Data Mining & Data Warehousing

Introduction: Most previous studies of data mining have focused on structured data, such as relational, transactional, and data warehouse data. However, in reality, a substantial portion of the available information is stored in text databases (or document databases), which consist of large collections of documents from various sources, such as news articles, research papers, books, digital libraries, e-mail messages, and Web pages.

Text databases are rapidly growing due to the increasing amount of information available in electronic form, such as electronic publications, various kinds of electronic documents, e-mail, and the World Wide Web (which can also be viewed as a huge, interconnected, dynamic text database). Nowadays most of the information in government, industry, business, and other institutions are stored electronically, in the form of text databases.

Data stored in most text databases are semi structured data in that they are neither completely unstructured nor completely structured. For example, a document may contain a few structured fields, such as title, authors, publication date, and category, and so on, but also contain some largely unstructured text components, such as abstract and contents. There have been a great deal of studies on the modeling and implementation of semi structured data in recent database research. Moreover, information retrieval techniques, such as text indexing methods, have been developed to handle unstructured documents.

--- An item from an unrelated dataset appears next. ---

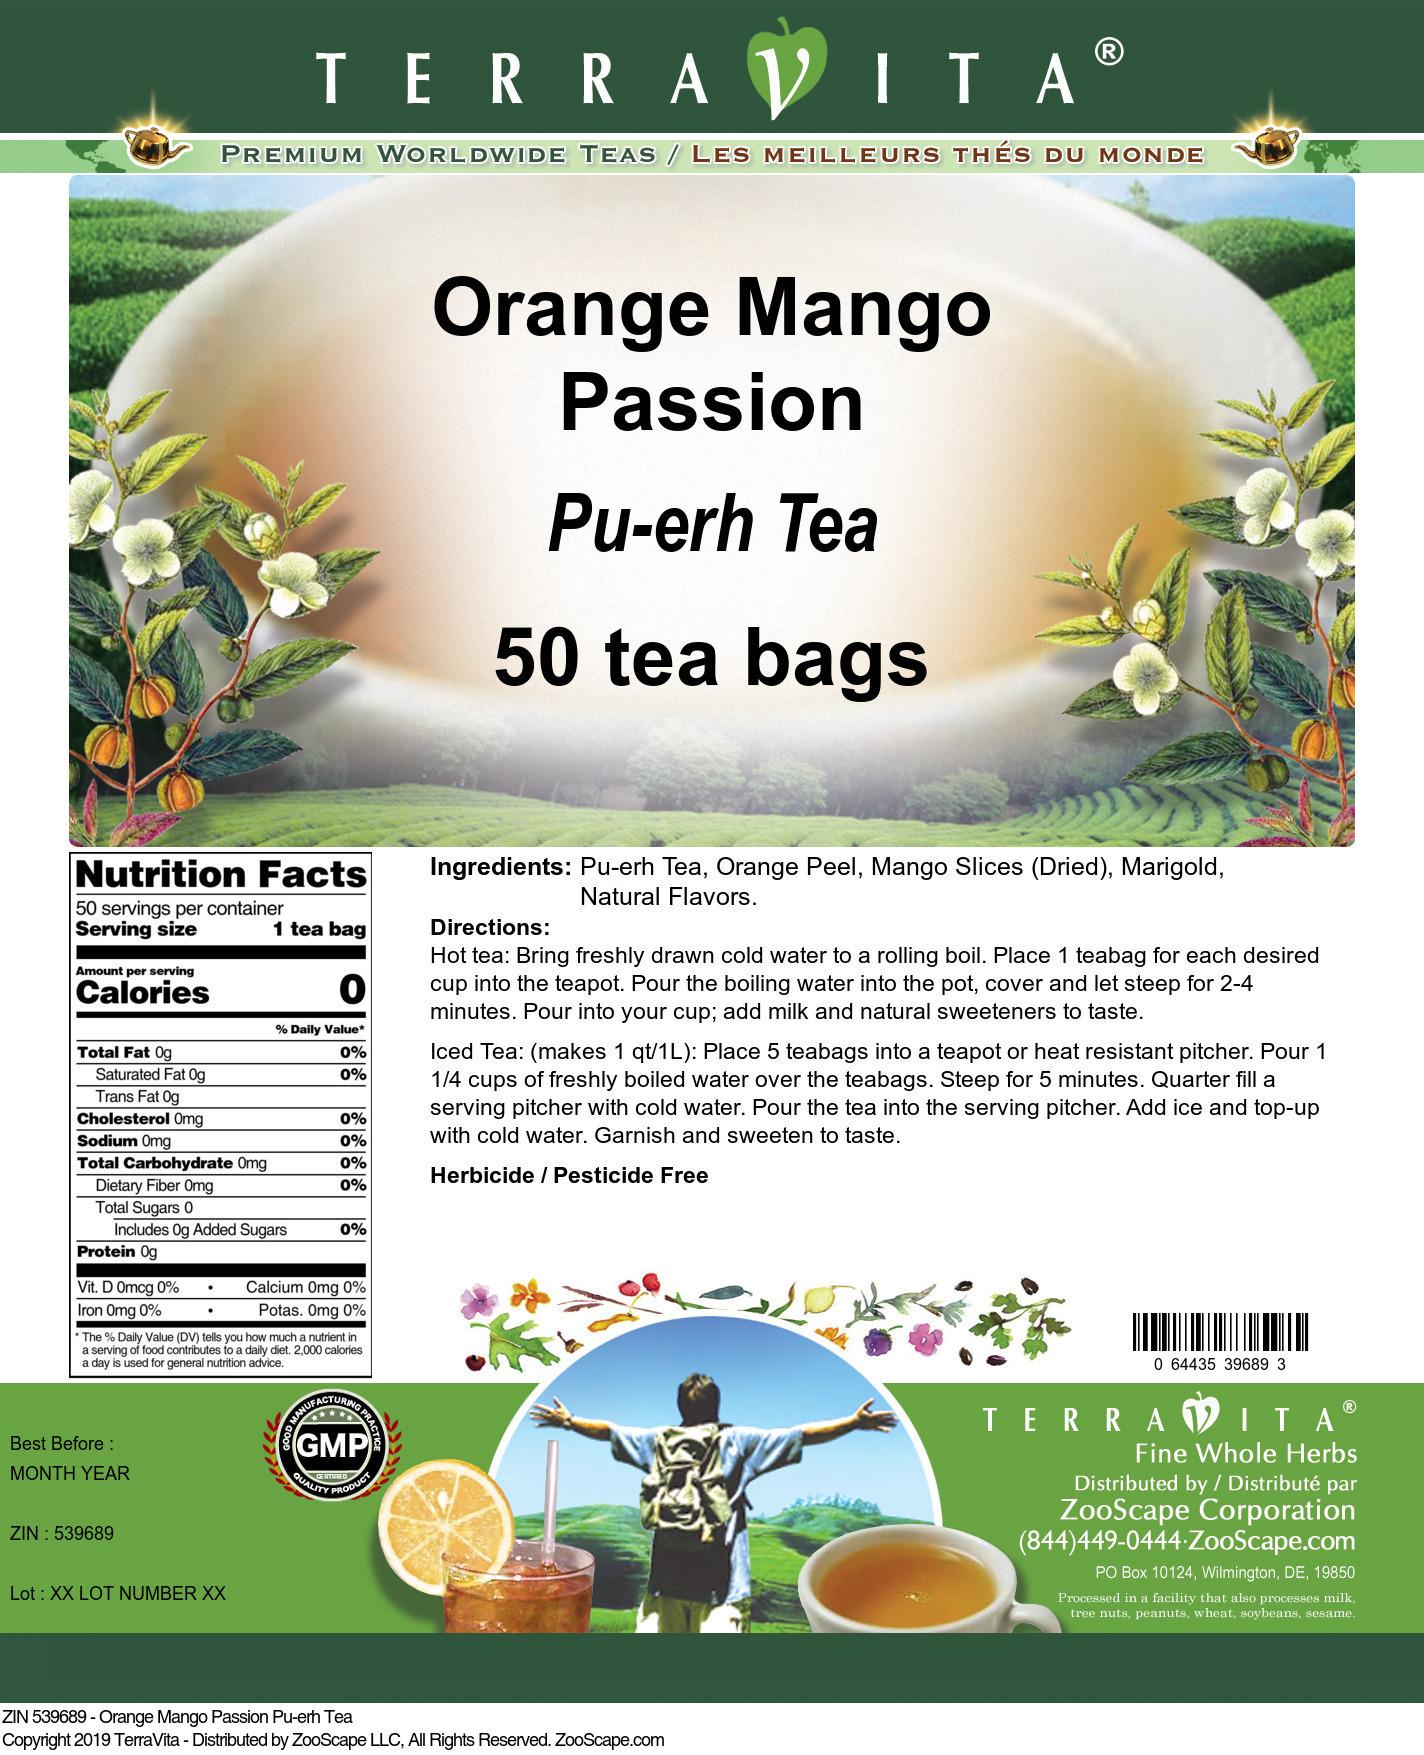 Orange Mango Passion Pu-erh Tea

Traditional information retrieval techniques become inadequate for the increasingly vast amounts of text data. Typically, only a small fraction of the many available documents will be relevant to a given individual user. Without knowing what could be in the documents, it is difficult to formulate effective queries for analyzing and extracting useful information from the data. Users need tools to compare different documents, rank the importance and relevance of the documents, or find patterns and trends across multiple documents. Thus, text mining has become an increasingly popular and essential theme in data mining.